An administrative charge is a tool ICE uses to apprehend possible illegal immigrants.
The Associated Press learned of the operation before authorities released a statement.
Sparboe also provided few details. But in a statement, the company said that authorities had executed a warrant at two of its locations in Litchfield, and the company is working with federal officials.
Neudauer said agents with ICE's Homeland Security Investigations were involved in the operation and a Department of Homeland Security helicopter was on the scene. Minnesota state police were also there to help secure the area.
When asked if criminal charges were expected, U.S. Attorney's Office spokeswoman Jeanne Cooney said prosecutors will have to wait to see how the investigation unfolds, but added if authorities determine that any of those arrested have prior records they could be prosecuted. She also said she could not release the nature of the investigation.

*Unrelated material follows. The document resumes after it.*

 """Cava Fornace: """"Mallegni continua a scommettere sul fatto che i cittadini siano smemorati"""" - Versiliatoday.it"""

Sparboe describes itself as one of the largest shell egg producers and marketers in the United States, and sells to retail, wholesale and foodservice customers. It is based in Litchfield, which is about 65 miles west of Minneapolis.

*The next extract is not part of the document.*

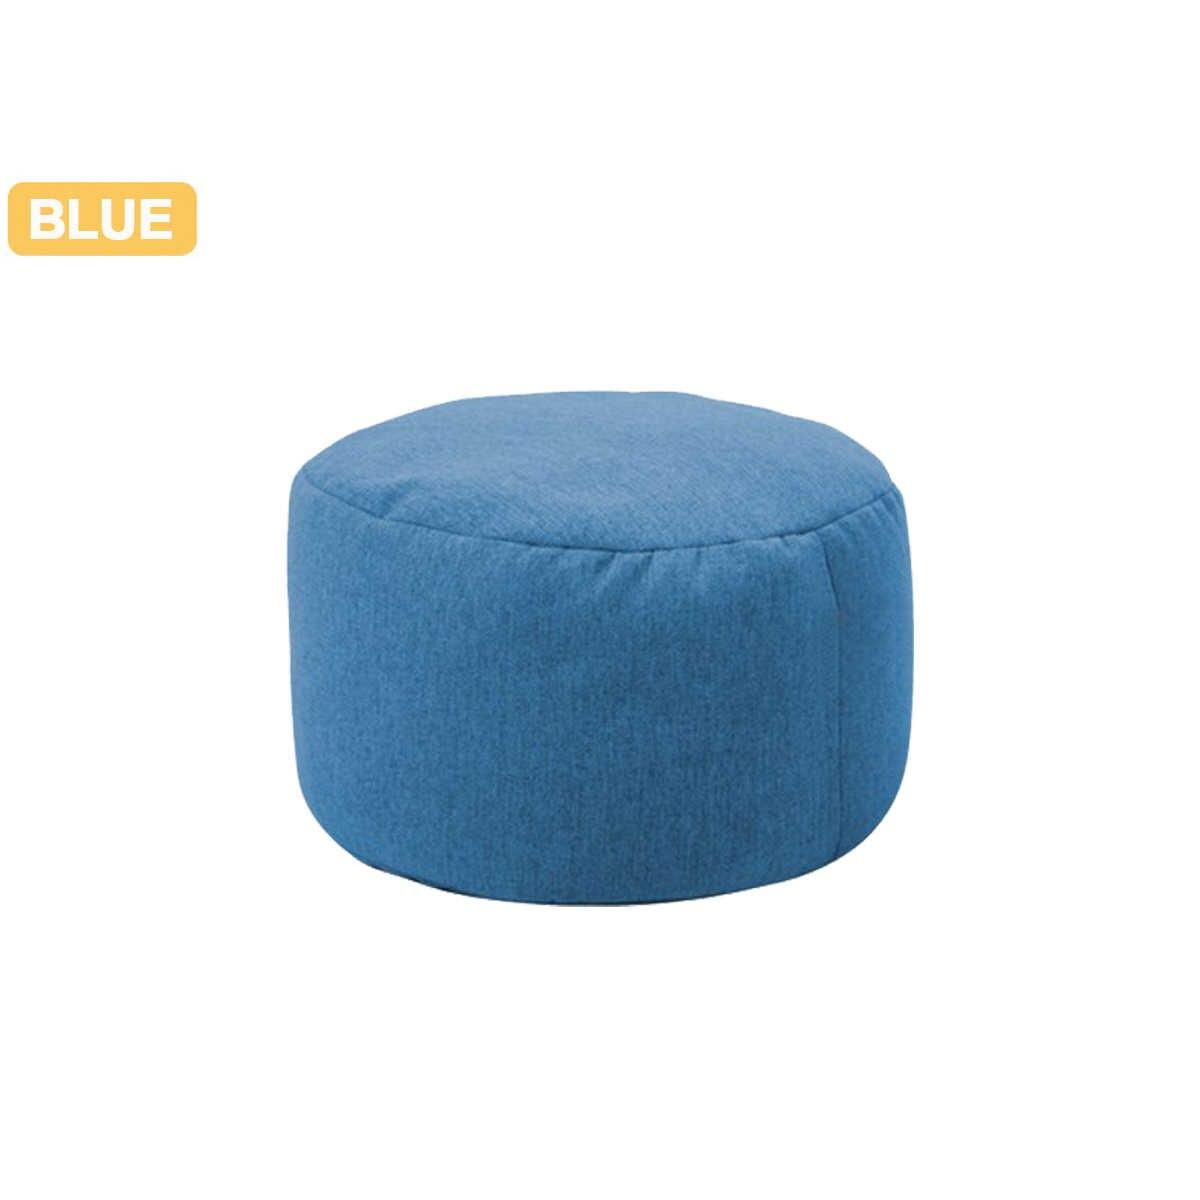 Pequeno Rodada Sofás Beanbag Cobertura Jogo de Cama À Prova D' Água Assento Da Cadeira Cadeira do Saco de Feijão Cadeira Espreguiçadeira Sofá de Linho de Algodão Cor Sólida enseada

Sparboe has been in the news before: In 2011, McDonald's and Target dropped Sparboe as their egg supplier after an animal rights group released undercover video that showed cases of animal cruelty at five of Sparboe's facilities in Iowa, Minnesota and Colorado. The video shot by Mercy for Animals showed a worker swinging a bird by its feet, hens packed into cramped cages, male chicks being tossed into plastic bags to suffocate and workers cutting off the tips of chicks' beaks.
At the time, Beth Sparboe Schnell, Sparboe Farms' president and owner, said the company was "shocked and deeply disturbed" by the video and that four employees involved in the activity were fired after an internal investigation.
Sparboe was also warned that it violated federal regulations meant to prevent salmonella. Sparboe Companies LLC said at the time that it made management changes, took corrective actions sought by the Food and Drug Administration, and was creating a task force to review the company's food safety and animal care.